Я вымыла миски, залила костер, вода на раскаленных камнях зашипела, мы собрались и поплыли дальше. Поднялось волнение, на открытом плесе запрыгали белые гребни, лодку сильно качало, приходилось напрягать силы, чтобы держать ее носом к волне; по темной воде за нами тянулся пенный след. Весло упирается в воду, в ушах свист ветра, и воздух, и пот, и напряжение мышц до боли — мое тело живет!
Ветер слишком разошелся, надо было менять курс; мы переплыли к подветренному берегу и пошли вдоль него, держась как можно ближе к земле, повторяя извилистые очертания скал и отмелей. Так было, конечно, гораздо дальше, зато деревья укрывали от ветра.
Наконец мы добрались до узкого залива, за которым начинался волок; времени, по солнцу, было около четырех, нас сильно задержал ветер. Я надеялась, что сумею найти начало тропы, оно было, я знала, на том берегу залива. Мы обогнули мыс, и я услышала звук, это был звук человеческий. Сначала будто заводили подвесной мотор, потом словно рычание. Электропила. Теперь они уже были видны, двое мужчин в желтых касках. Они оставляли позади себя след — древесные стволы, сваленные в воду через равные промежутки, срезанные ровно, как бритвой.
Изыскатели бумажного комбината или правительственные, от электрической компании. Если электрической, тогда ясно, что это означает: опять будут поднимать уровень озера, как тогда, шестьдесят лет назад, — они размечают новую береговую линию. Она отступит еще на двадцать футов, но только теперь деревья валить не будут, это вышло слишком дорого, их оставят гнить под водой.

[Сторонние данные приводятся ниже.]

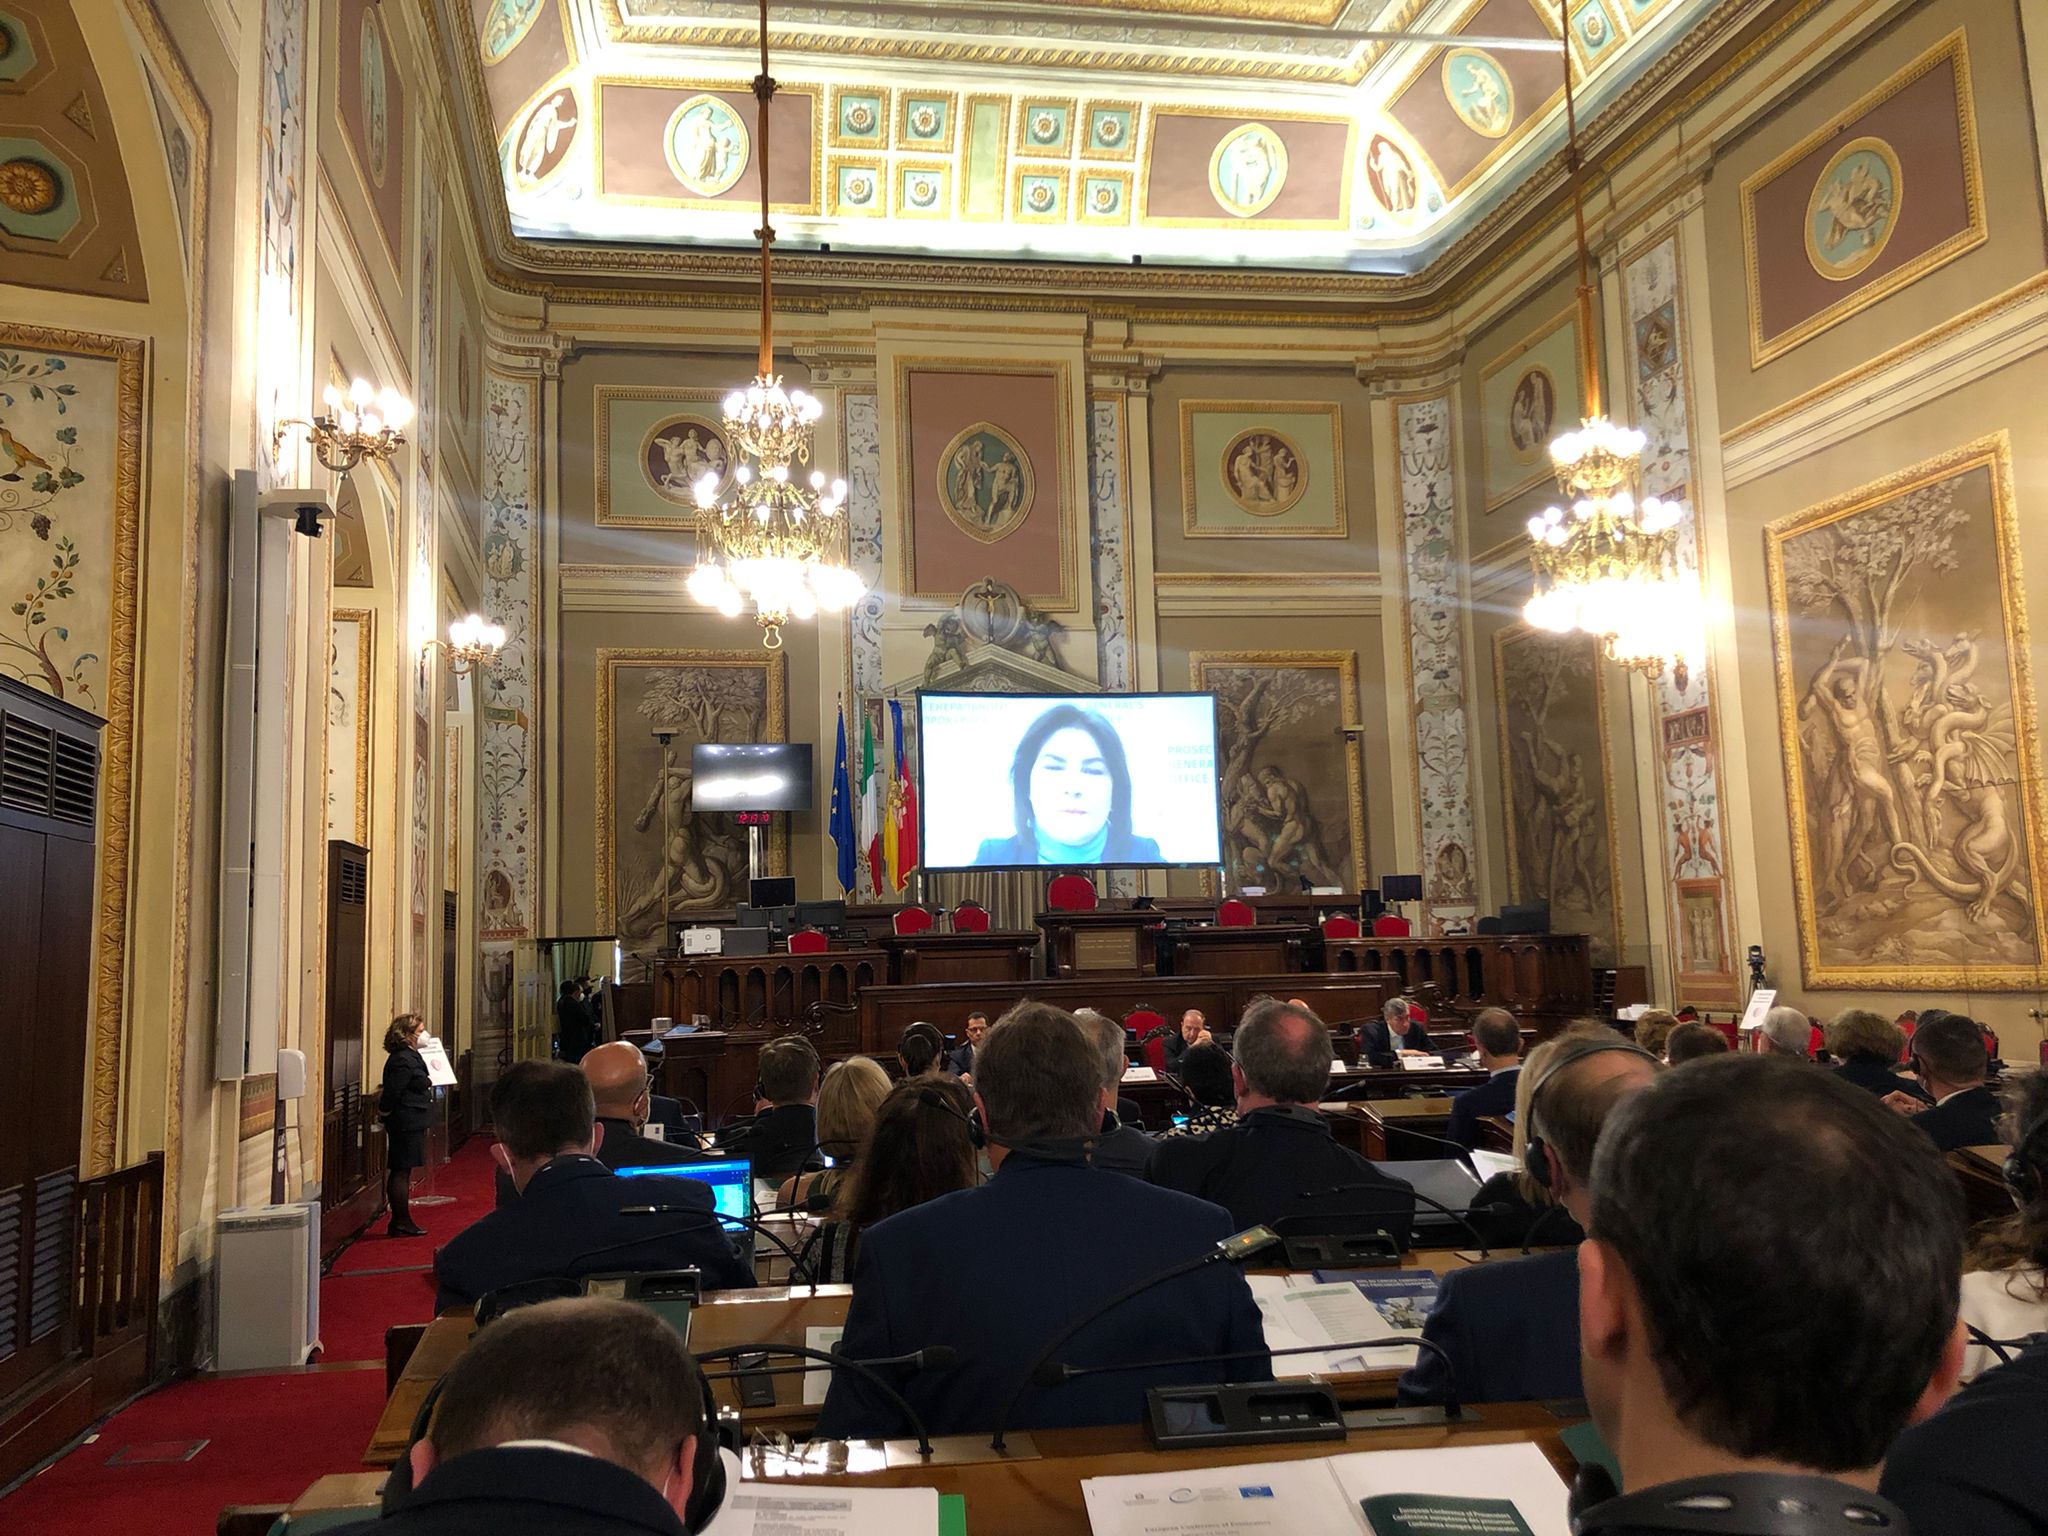 Prokurori no visas Eiropas pulcējas starptautiskā konferencē Palermo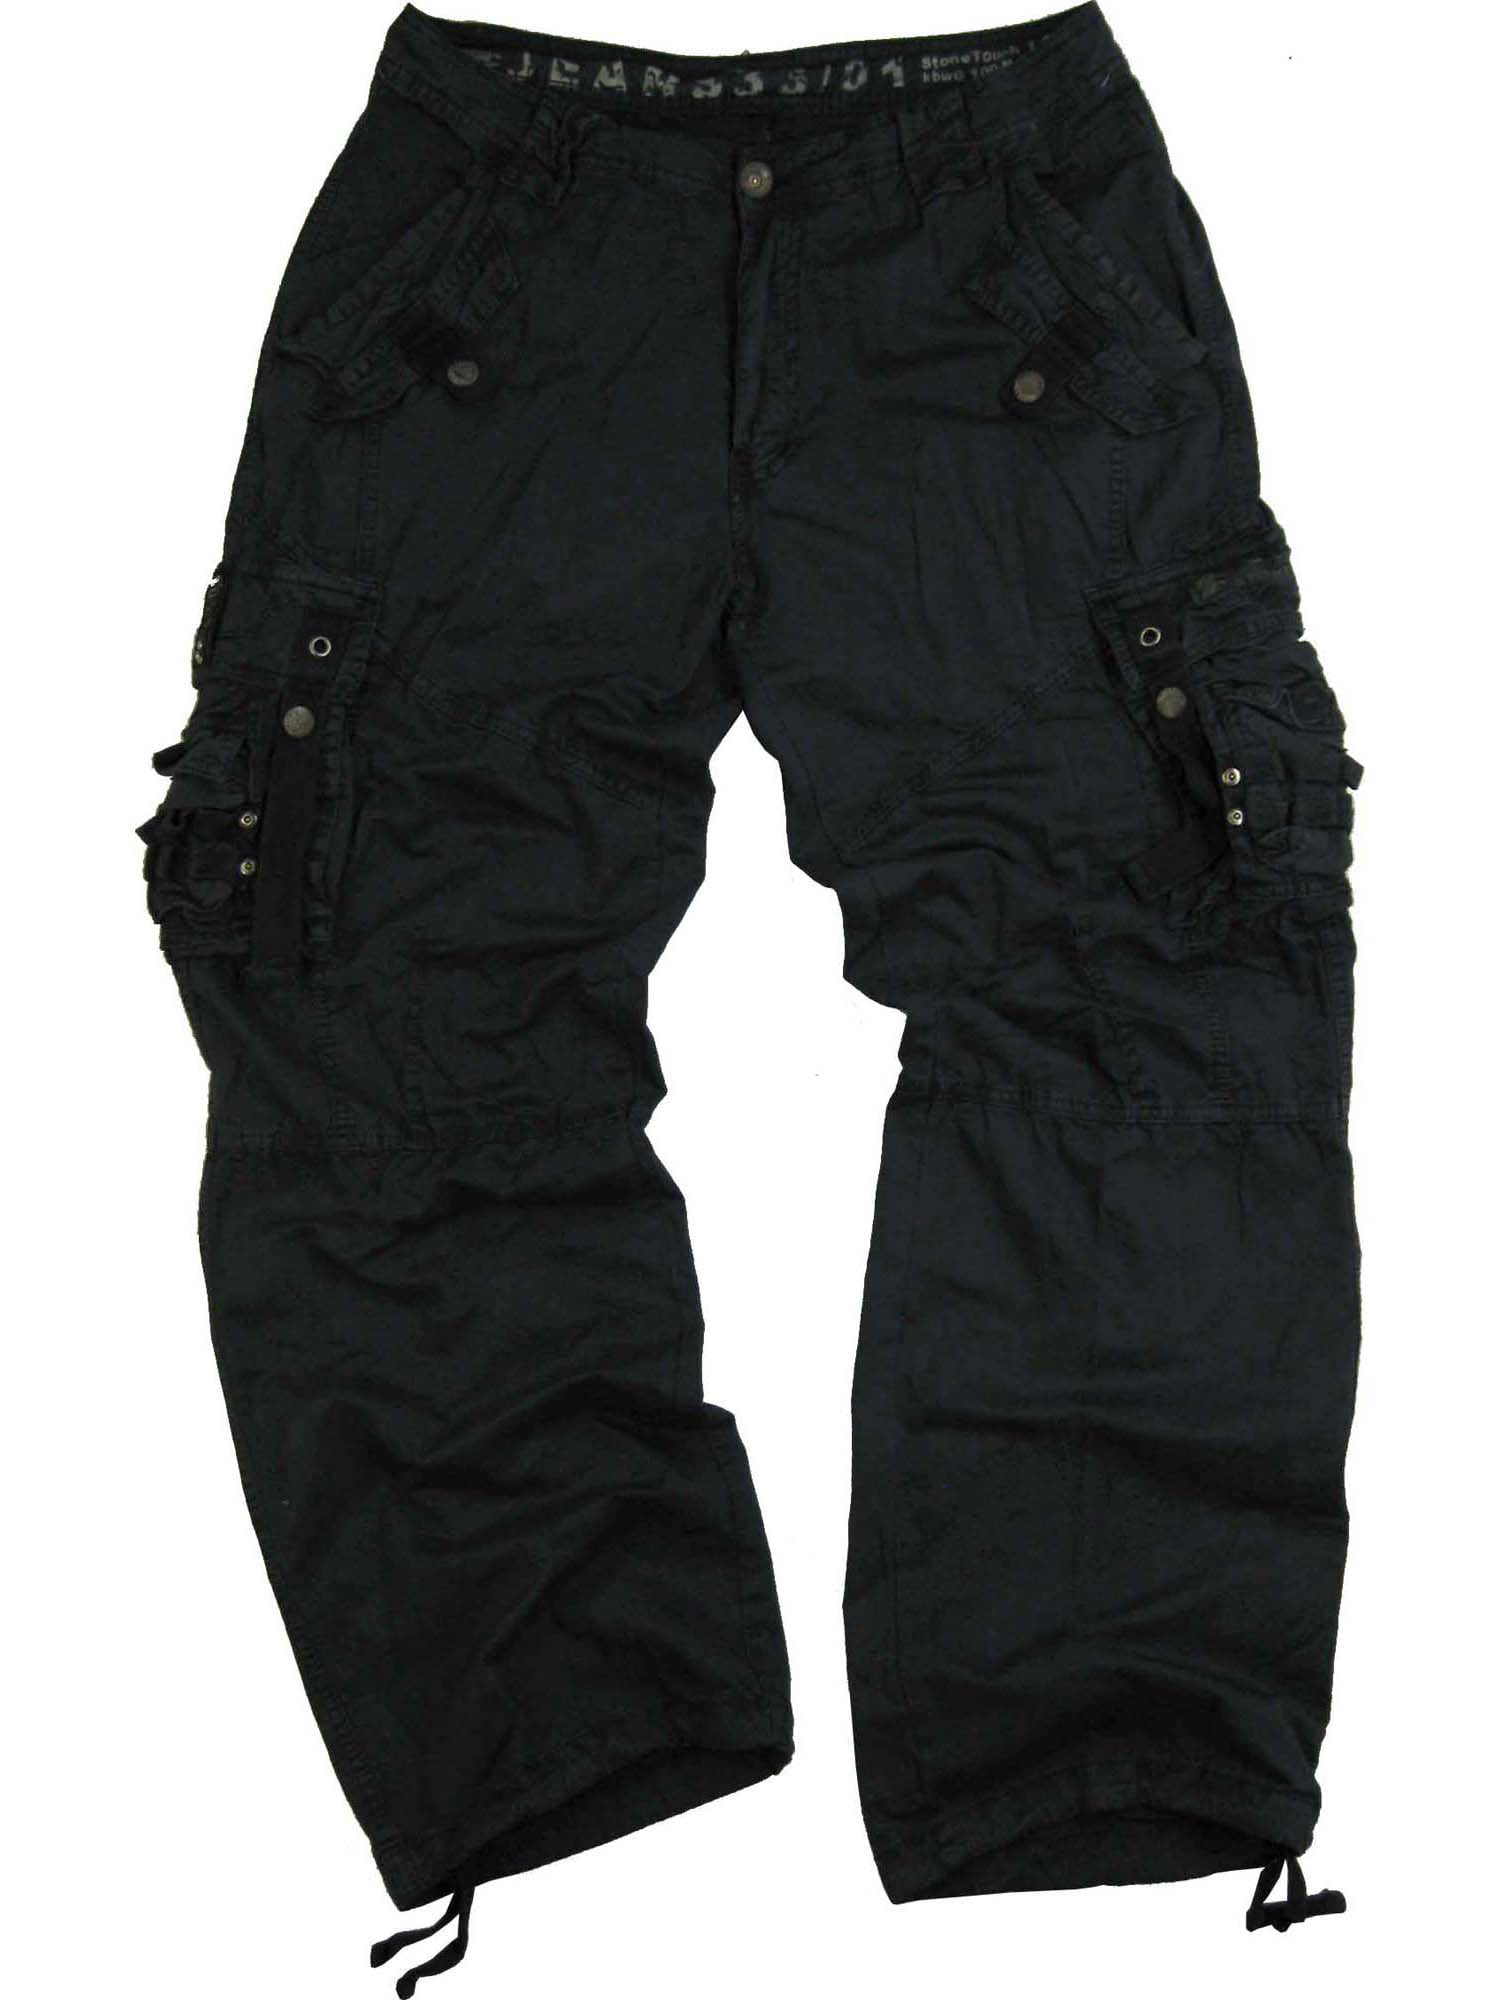 Men's Military Cargo Pants 36x34 Navy #12211 - Walmart.com

Наш огород зальет, но дом останется, холм превратится в размываемый песчаный островок, окруженный мертвыми стволами.
Когда мы проплывали мимо, они подняли головы, равнодушно посмотрели на нас и тут же снова вернулись к работе. Передовые лазутчики, разведка. Шелест и треск — когда дерево, покачнувшись, начинает заваливаться, гул и плеск — когда оно падает. По соседству от них торчал вбитый в землю столб, на стесанной древесине свежие красные цифры. Это озеро для них не имело значения, им важна вся система. Резервуар на случай войны. И я ничего не могла сделать, я здесь не жила.
Берег в том месте, откуда начинался волок, был забит плавником, обомшелым, гнилым. Мы работали веслами, сколько было возможно, продираясь среди осклизлых бревен, потом вылезли и пошли, не разуваясь, по воде, таща по мелководью лодки. Для лодок это гибель — обдираются днища. Рядом с нашими были заметны еще чьи-то недавние следы, содранная краска.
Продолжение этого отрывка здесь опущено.